La viajera caminante

in #maria4 years ago

María tomó a su hijo de 3 años en sus brazos y decidió irse a su pueblo de origen, dónde había nacido, donde había crecido. El señor del cuarto que ella alquilaba, la había echado porque ella no pagó la renta del mes. Muchas personas estaban regresando a sus lugares de origen, porque ya no había nada que hacer en esa ciudad, aquella ciudad en la que alguna vez soñaron un nuevo amanecer, un amanecer que no tenían en el lugar donde nacieron. María sabía que no podría usar ningún vehículo para irse. Todo estaba restringido en el país. Ella tomó dos maletas con la ropa que poseían ella y su hijo. María caminó largas horas para llegar a la salida de la ciudad. Ella pensó que sería un gran desafío hacer un viaje de ese modo. Ella logró llegar a la carretera central. Allí vio a muchas personas que hacían lo mismo. Ella con el poco dinero que poseía podría haber pagado la renta para quedarse un mes más en aquella ciudad, pero ya había pasado en realidad un mes, ya que el presidente había casi jurado que serían solamente dos semanas. Ella confiaba que serían dos semanas, no un mes, no cuarenta días, ya no podría confiar en pagar un mes más y arriesgarse a quedarse sin dinero para poder comer, para poder alimentar a su hijo. Ese dinero que le sobraba prefería usarlo para llegar a su pueblo donde ella tendría una mejor suerte, ya que se ahorraría en hacer muchos gastos ya que contaba con el cuarto que su madre le ofreció por teléfono de manera gratuita, además que los alimentos serían más fáciles de encontrar, ya que tenían una pequeña chacra y unos animales.
María se despertó a media noche al oír el llanto de su hijo, un llanto justificado porque estaban pernoctando en medio de la carretera con una garuo intenso. Ella no tenía una carpa, se las había ingeniado para armar una tienda de campaña con sus mantas, y algunos plásticos grandes y que alguno de los otros viajeros le había ayudado a armar. El hijo de María tendría hambre, tendría frio, tendría miedo. Ella se mantuvo fuerte porque quería mostrarle confianza a su hijo, para que este no tema. Así que le converso ligeramente. Su hijo tenía mucha fiebre, y tos. Ella creyó que su hijo ya tenía la nueva enfermedad, se puso a llorar también. Algunos viajeros caminantes que oyeron algo al respecto, murmuraban con malicia diciendo que María ya no debía continuar el recorrido con ellos, en ese grupo, porque si sospechaba que su hijo tenía esa enfermedad, era muy seguro que ella también lo posease. Algunas pocas personas la miraban con compasión a lo lejos, pero sin ayudarla pensaban: “Pobre, ojalá pudiera hacer algo, pero nadie puede”.

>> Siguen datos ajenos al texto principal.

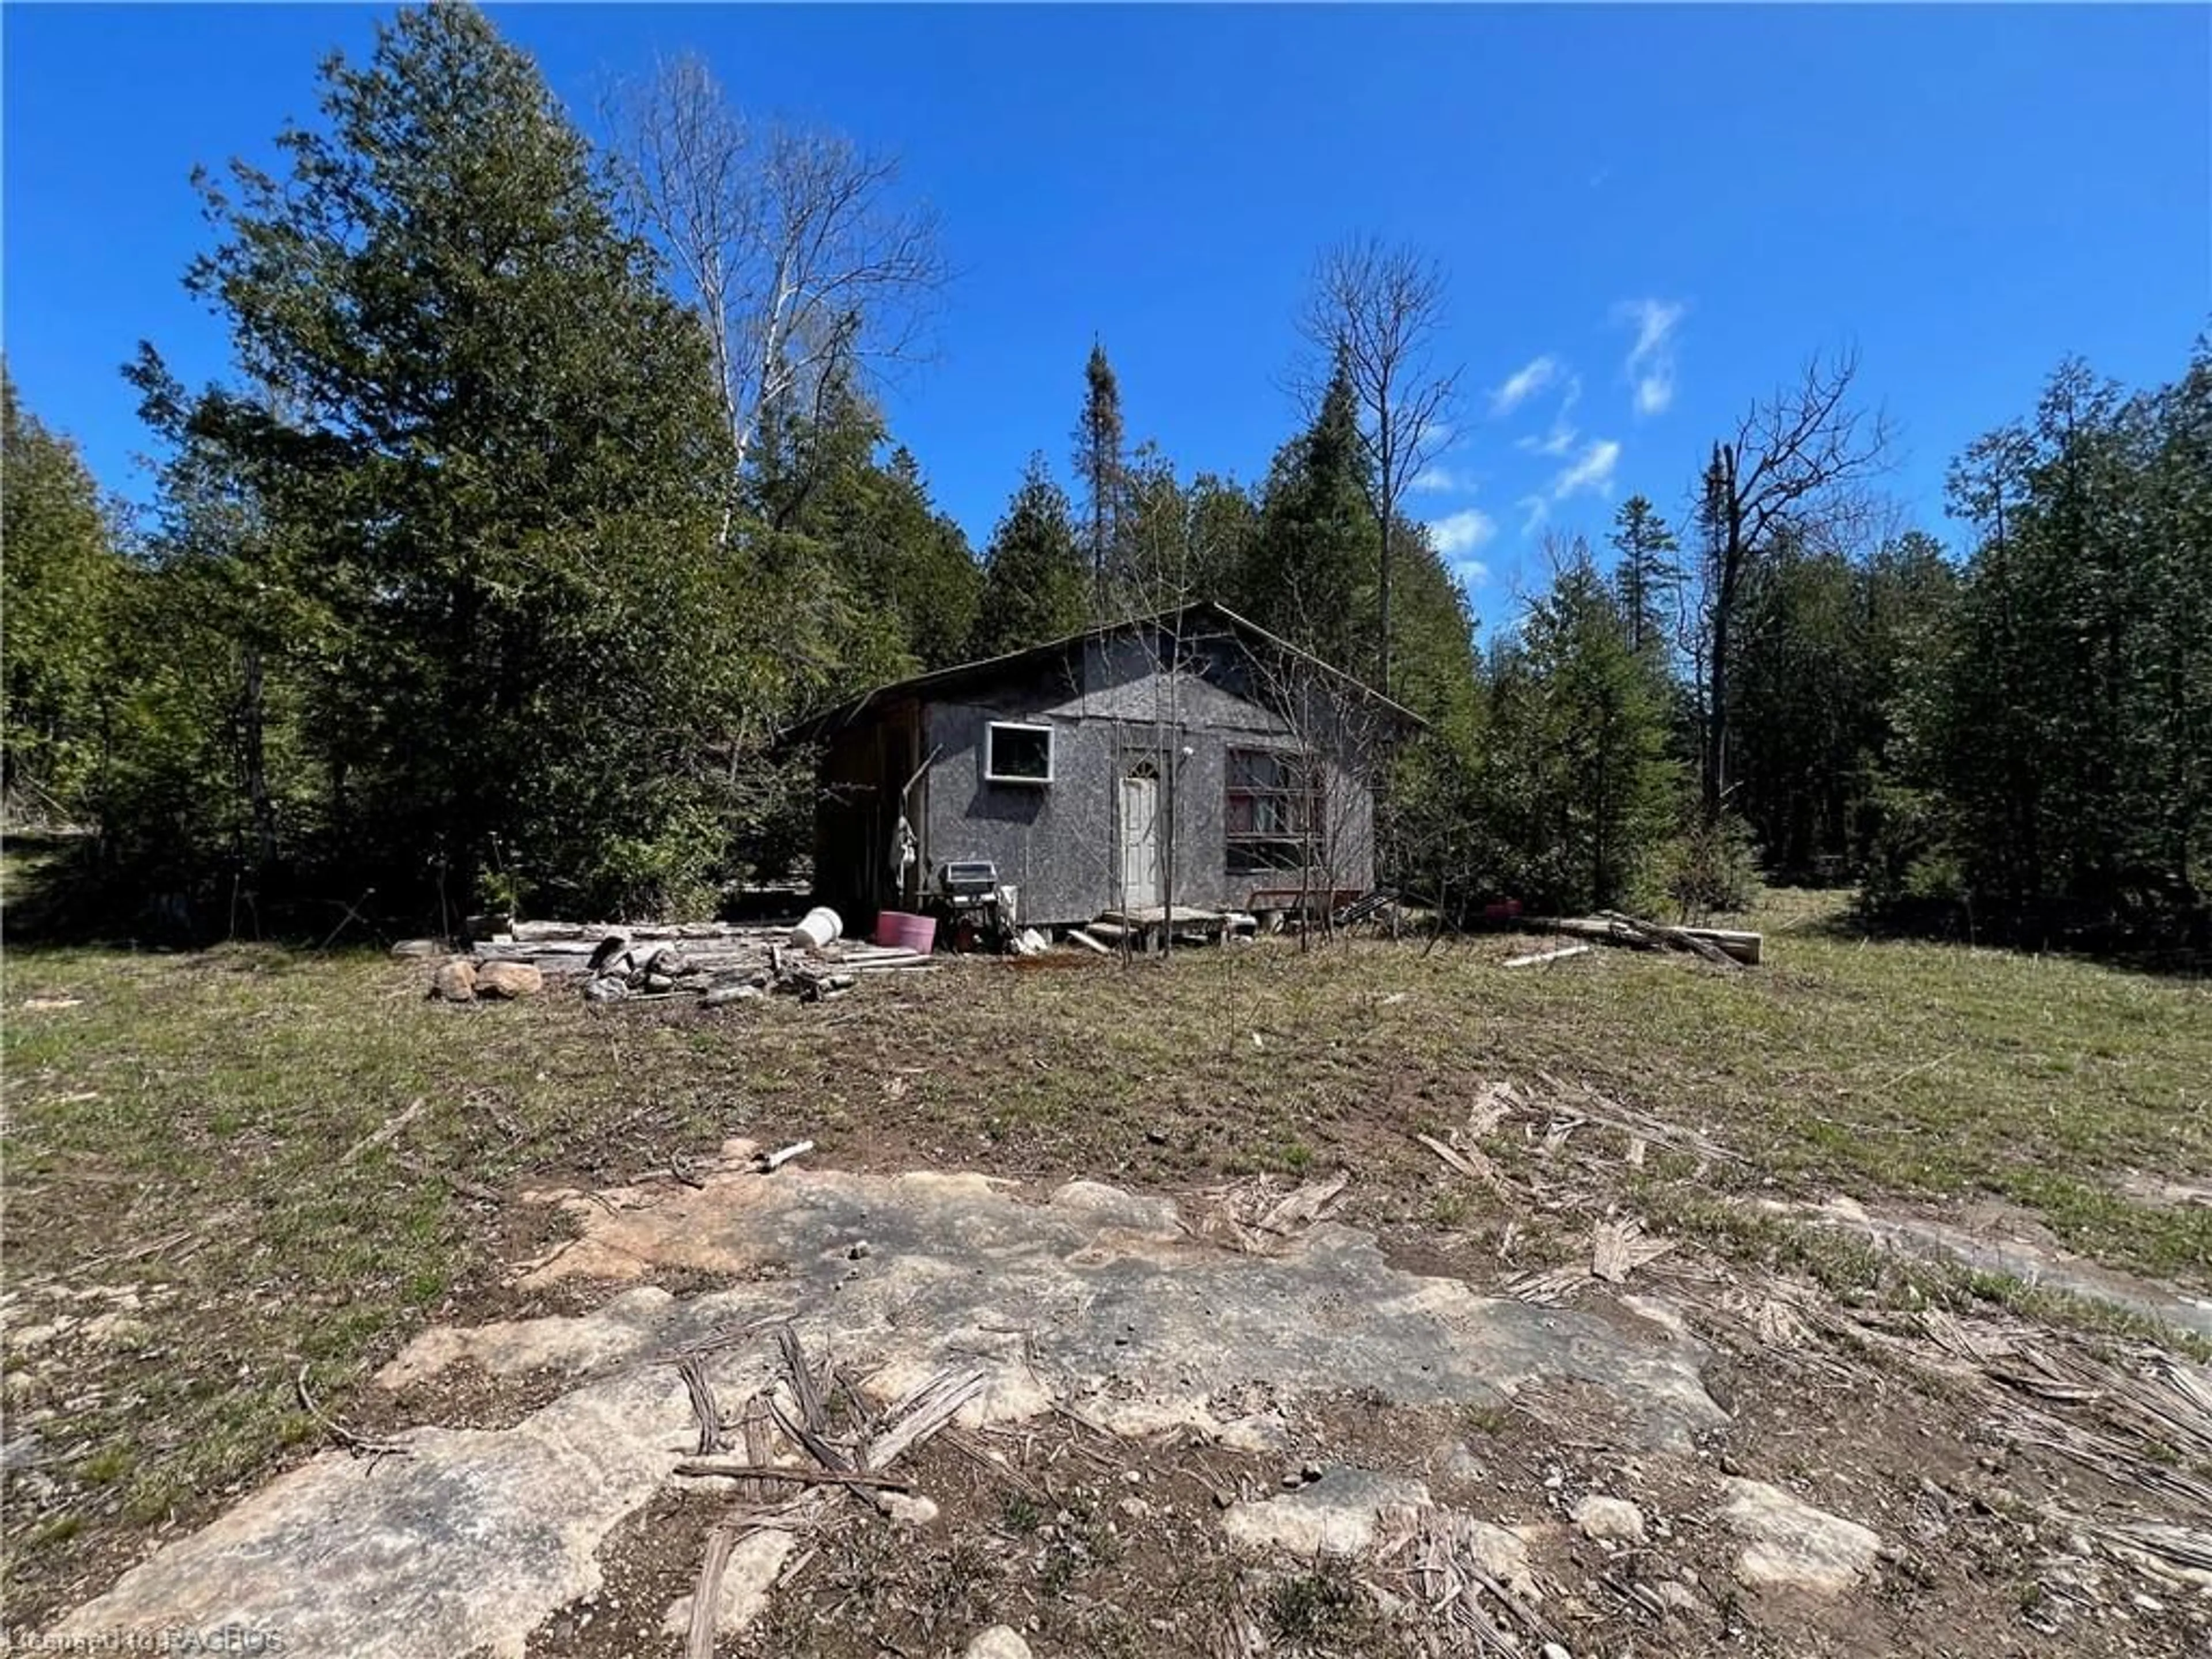 Cottage for LOT 32 CON 3 Highway 6, South Bruce Peninsula Ontario N0H 2T0

María siguió el camino a solas, partió a la media noche con su hijo en brazos, abandonó sus maletas, tomó el dinero en sus bolsillos y corrió maldiciendo a los que la miraban con ojos de odio, condenándola de que ella estuviese infectada, y sin nada de empatía a una madre que lo había perdido todo en la ciudad que creyó, le daría lo que el pueblo al que ella regresaba no pudo. María sintió que su hijo mejoraba, ya el sol estaba sobre su cabeza, su teléfono sin batería, ningún carro viajaba, esas carreteras ahora eran desiertas y solamente recorridas por los militares que, cuando pasaban, le gritaban: “debiste quedarte en tu casa viajar no hará que te salves de este virus”.